▸ **What you have to do**
An exact copy of each line below is needed, with no images in it.

▸ **Data segment**
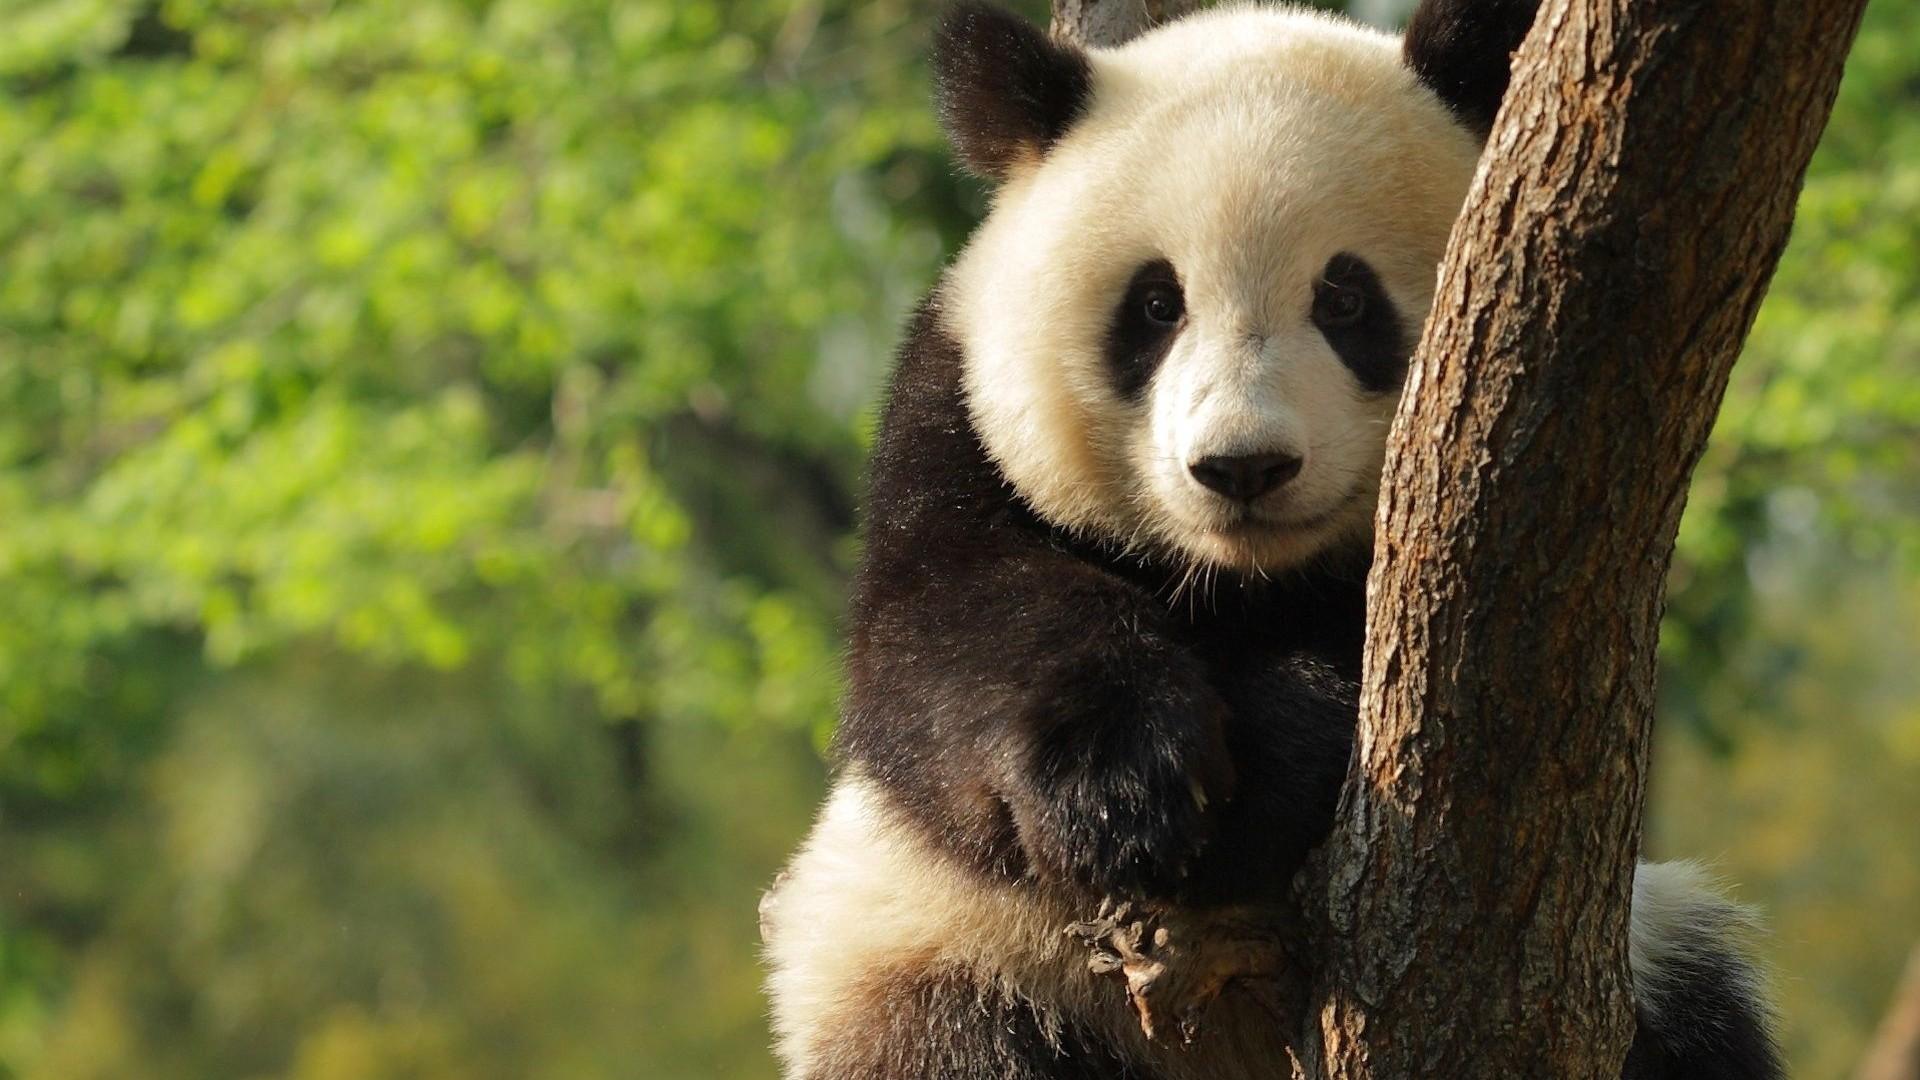 Giant Panda HD Wallpapers Download Desktop Wallpaper Images 1920x1080
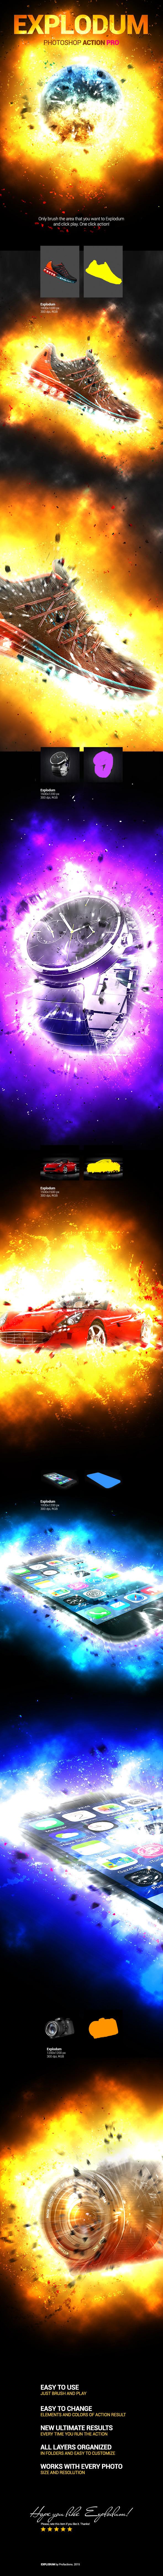 GraphicRiver Explodum PS Action 10916825
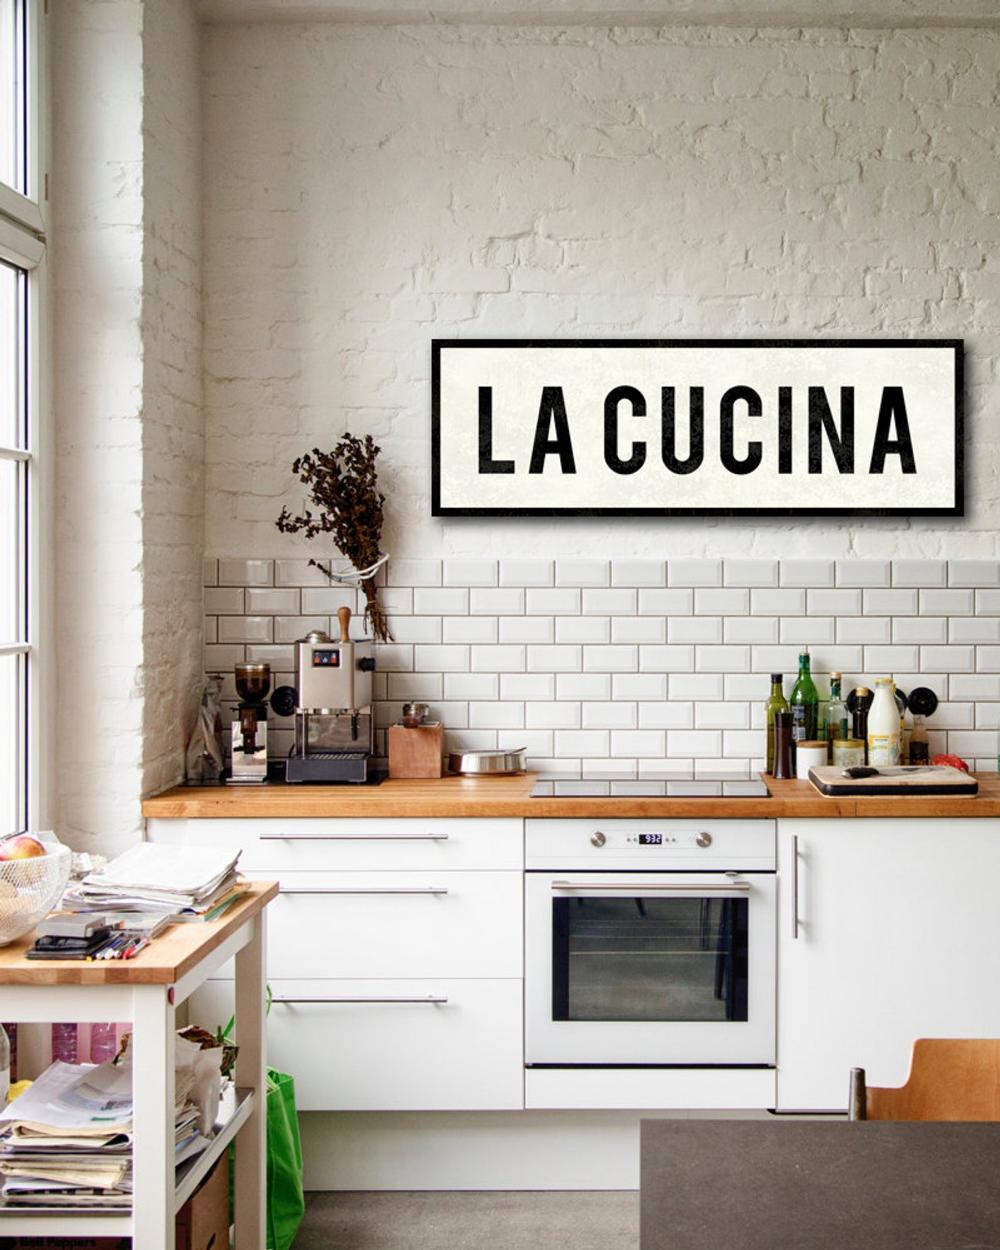 La Cucina Sign Kitchen Sign Italian Kitchen Decor Tuscan Etsy Italian Kitchen Decor Home Decor Kitchen Tuscan Kitchen

▸ **Answer space**
 Giant Panda HD Wallpapers Download Desktop Wallpaper Images 1920x1080
 GraphicRiver Explodum PS Action 10916825
 La Cucina Sign Kitchen Sign Italian Kitchen Decor Tuscan Etsy Italian Kitchen Decor Home Decor Kitchen Tuscan Kitchen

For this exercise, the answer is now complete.